### [Problem statement]
Without the pictures, output the lines of the material from the very first through the one that holds "Impressed caucasian man".

### [Given information]
━━━━━━━━
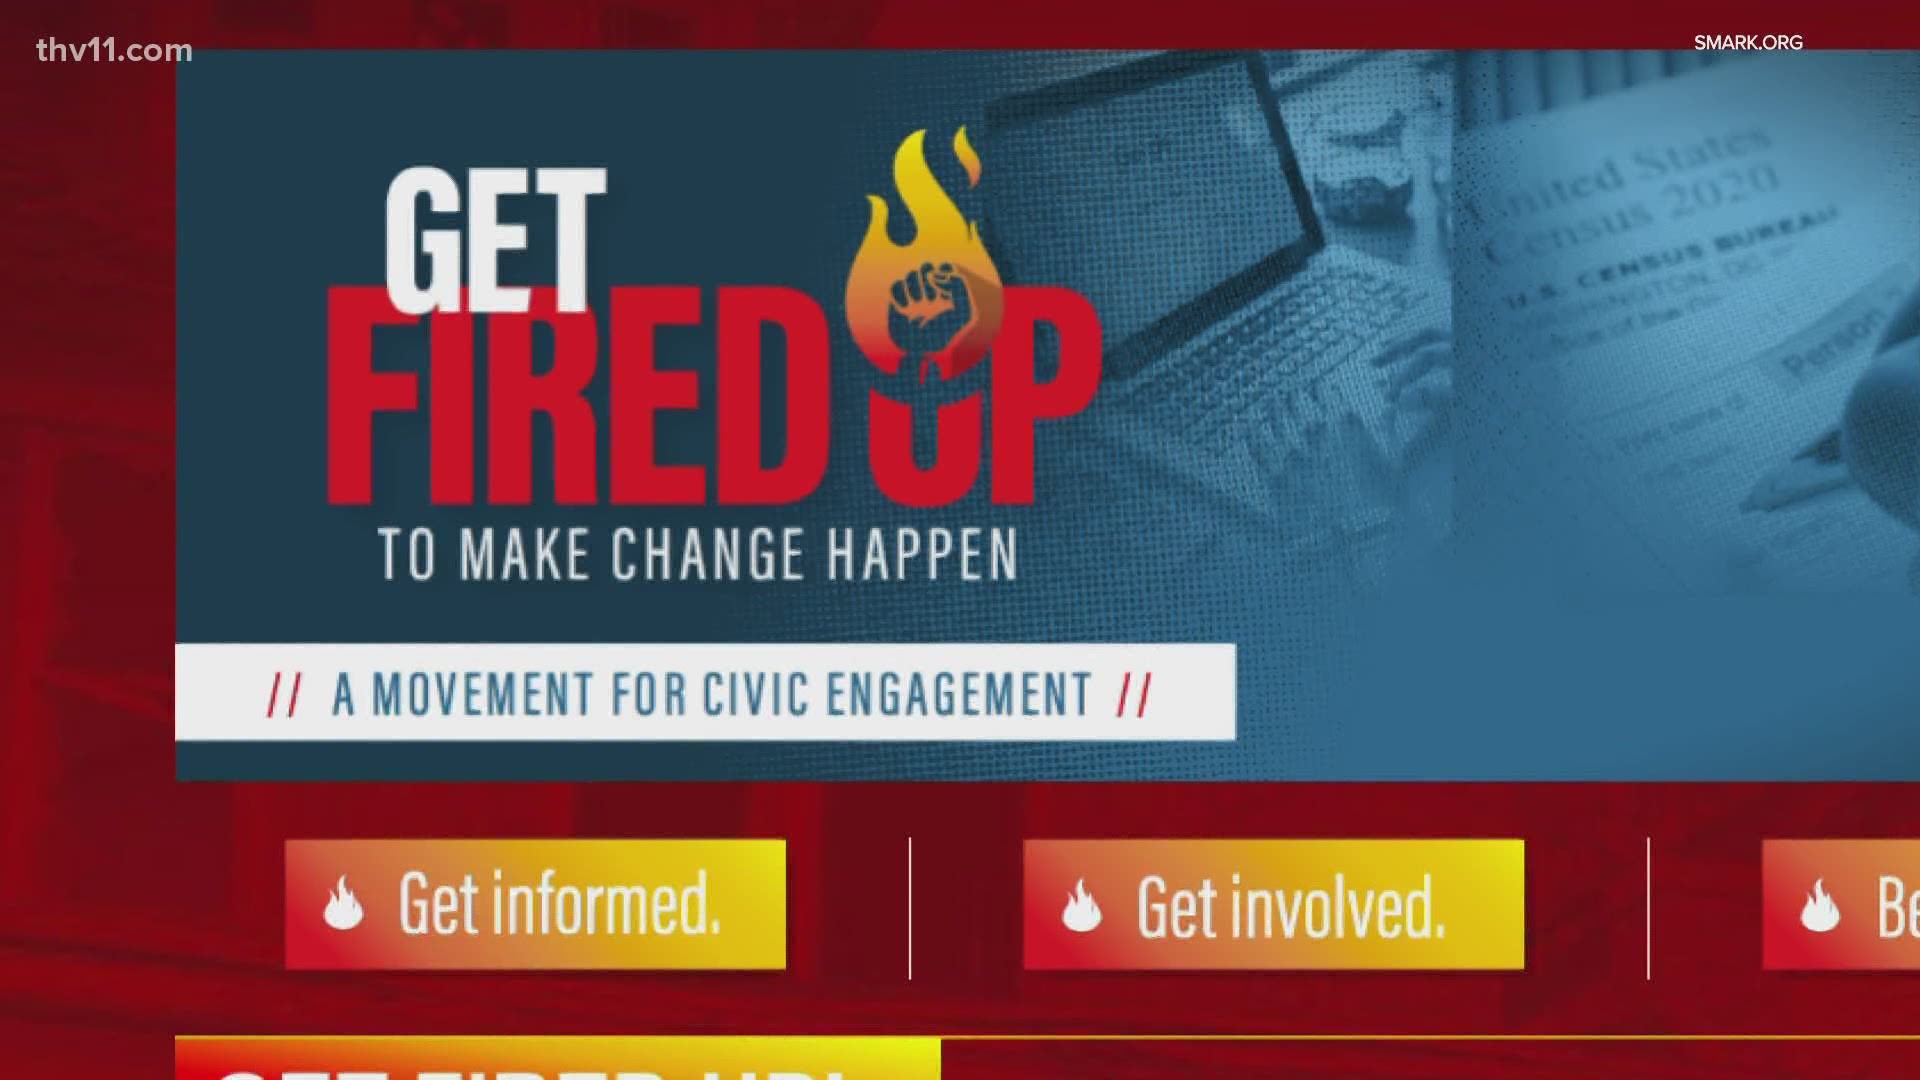 In a recently rolled out campaign by Little Rock's St. Mark Baptist Church, they're urging the community to get fired up to make change happen.
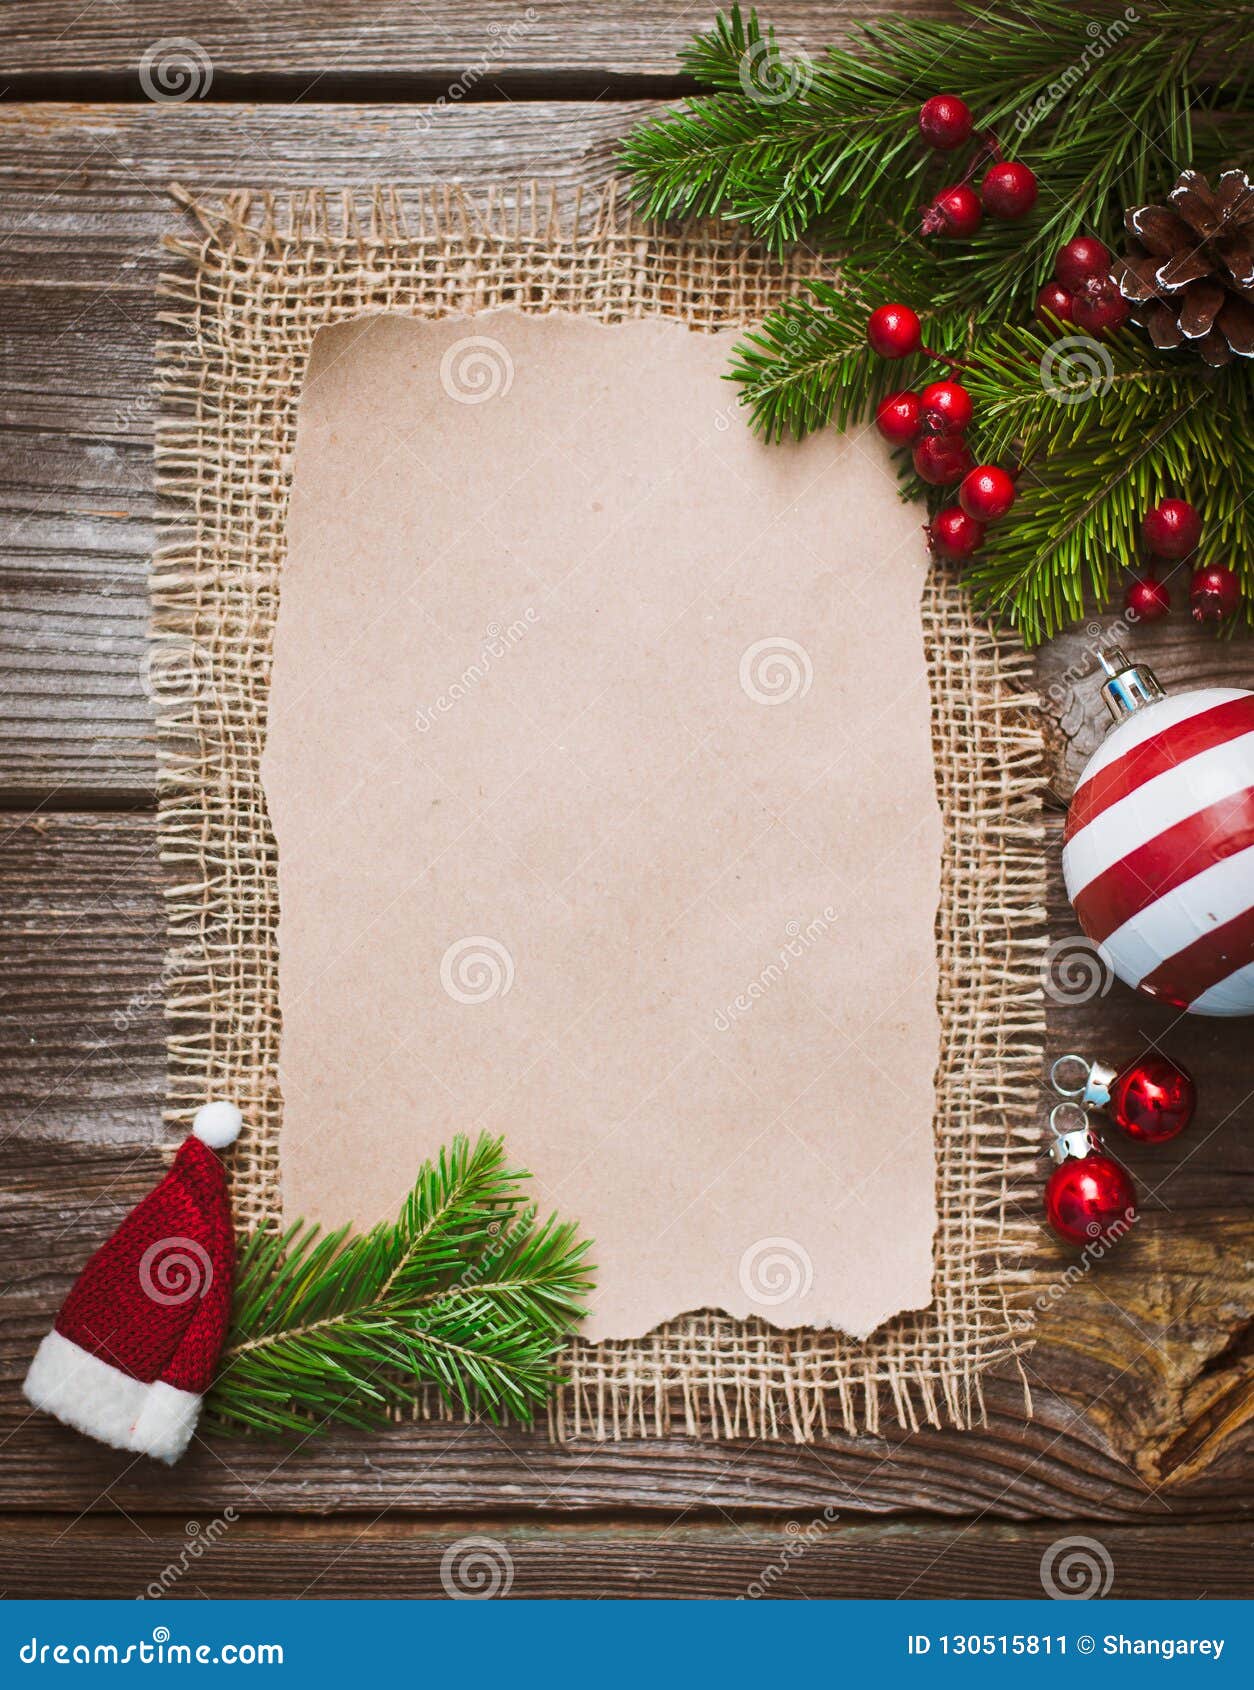 Creative 92 Background Christmas letter High-quality, free to download.
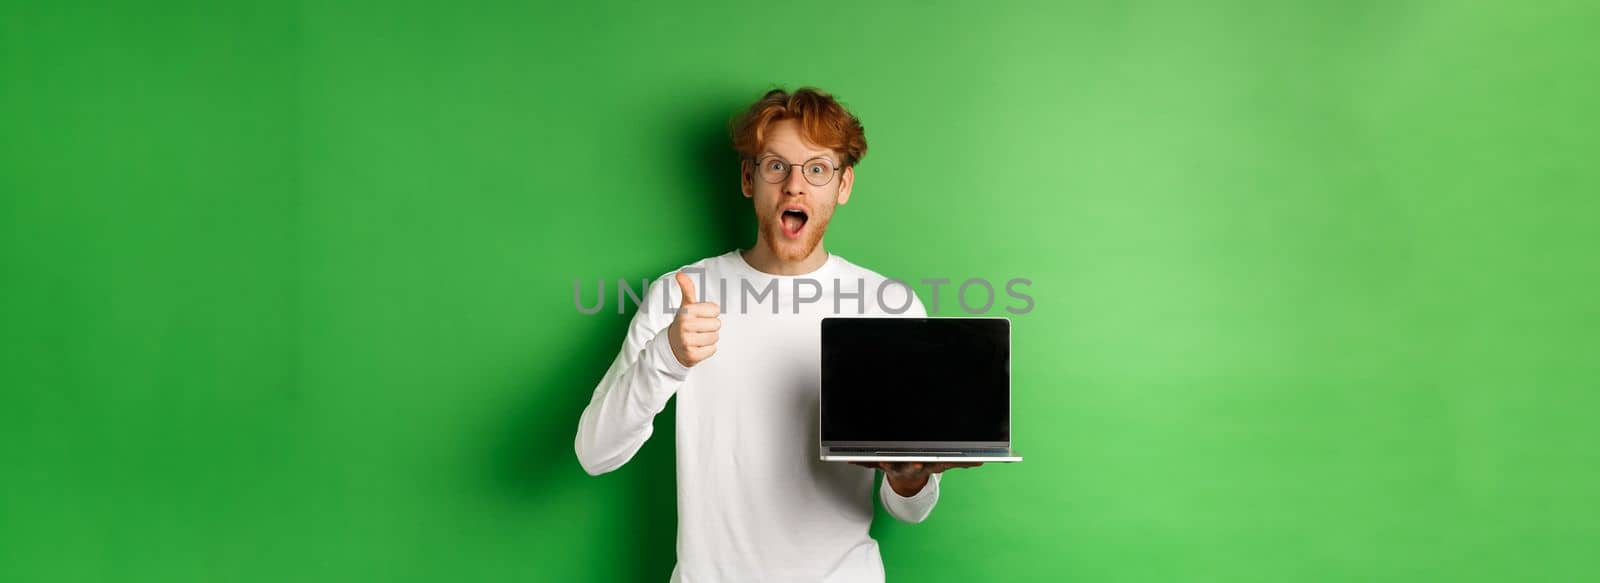 Impressed caucasian man with red hair and beard, showing blank laptop screen and thumb-up, looking amazed at camera, praising something online, green background.
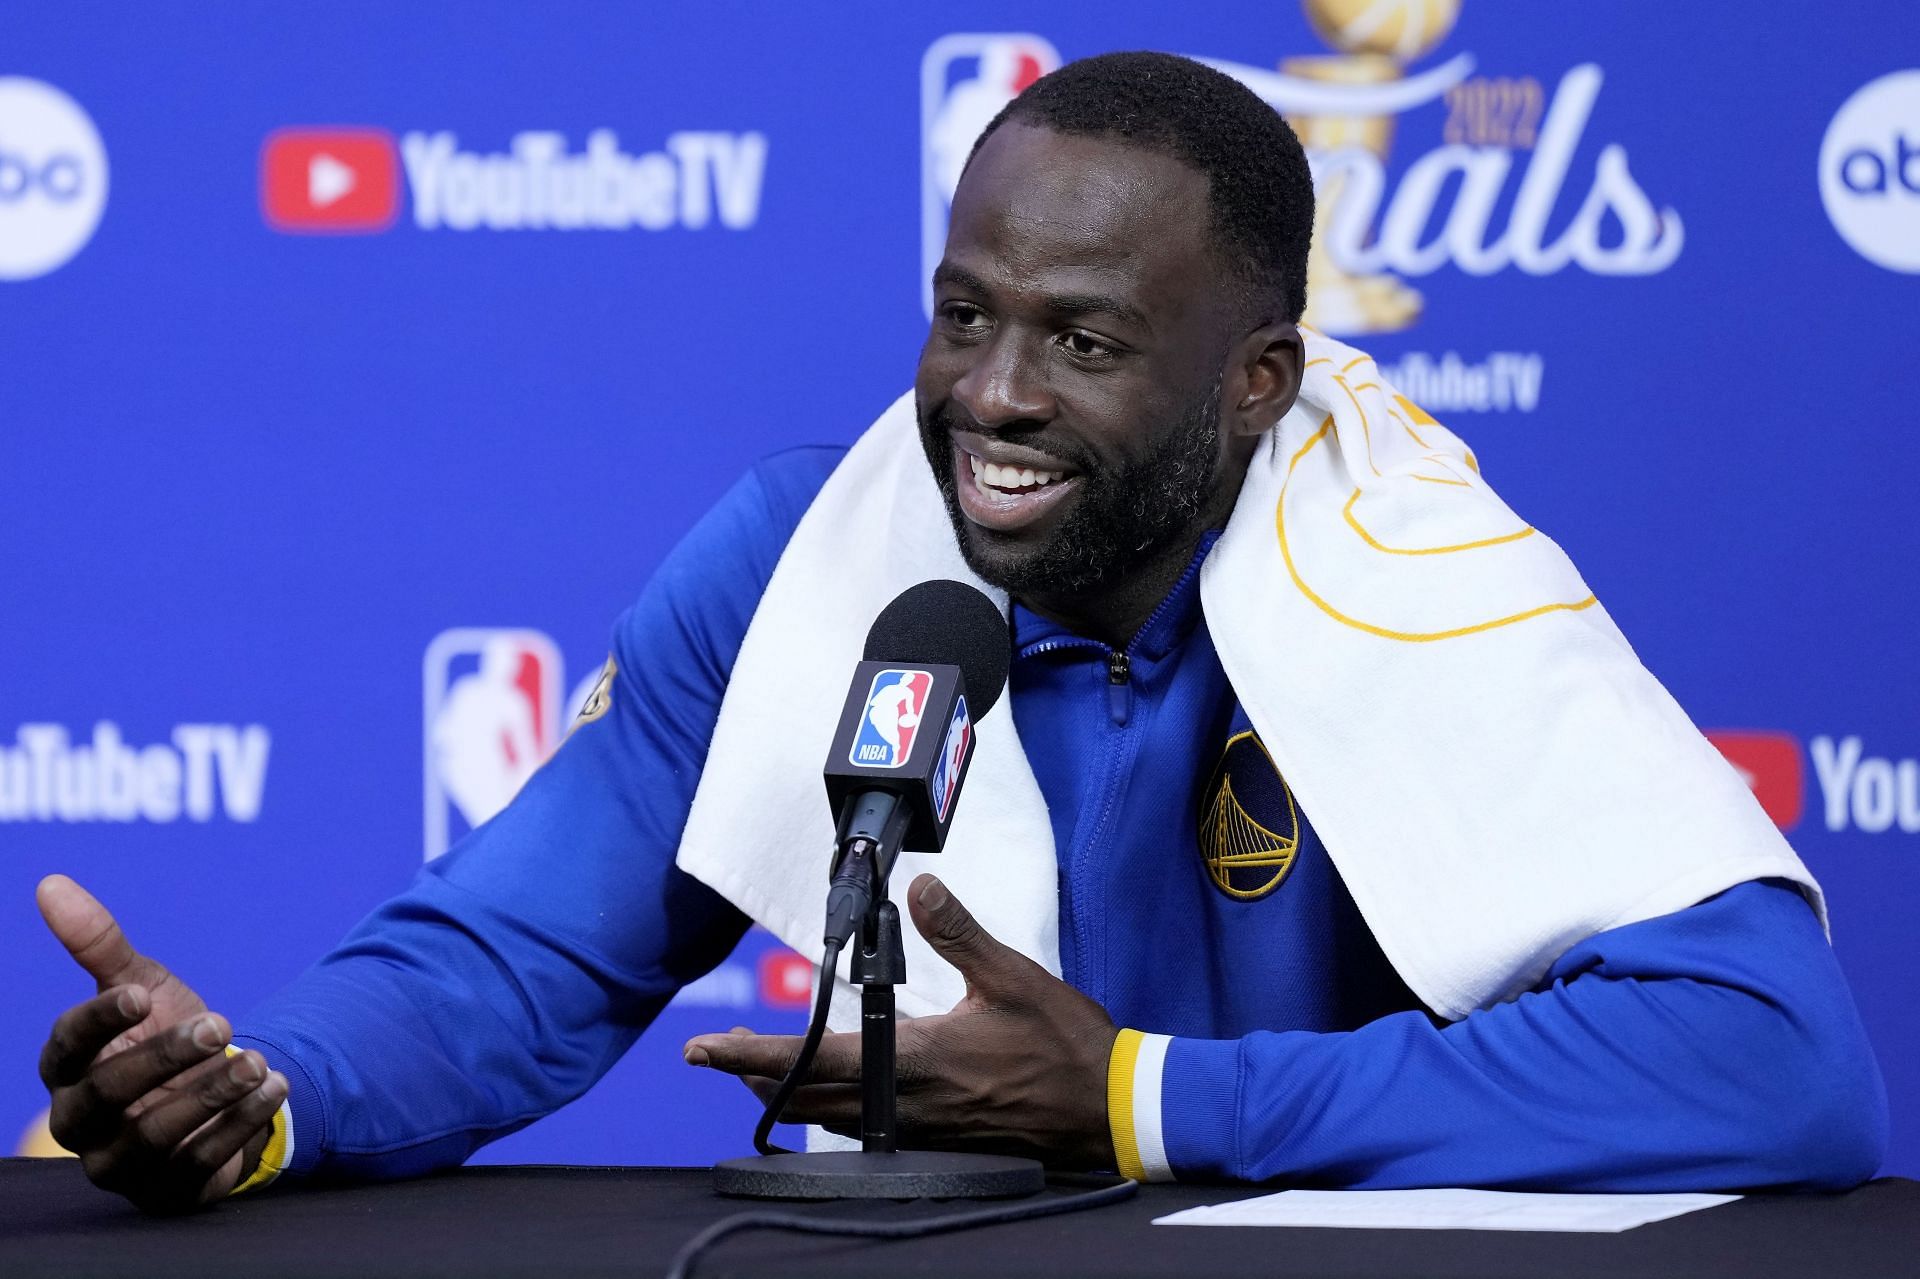 Draymond Green of the Golden State Warriors talks during a news conference after a 104-94 win over the Boston Celtics in Game 5 of the &lt;a href=&#039;https://www.sportskeeda.com/go/nba-finals&#039; target=&#039;_blank&#039; rel=&#039;noopener noreferrer&#039;&gt;NBA Finals&lt;/a&gt; at Chase Center on Monday in San Francisco, California.
━━━━━━━━
### [Result below]
 In a recently rolled out campaign by Little Rock's St. Mark Baptist Church, they're urging the community to get fired up to make change happen.
 Creative 92 Background Christmas letter High-quality, free to download.
 Impressed caucasian man with red hair and beard, showing blank laptop screen and thumb-up, looking amazed at camera, praising something online, green background.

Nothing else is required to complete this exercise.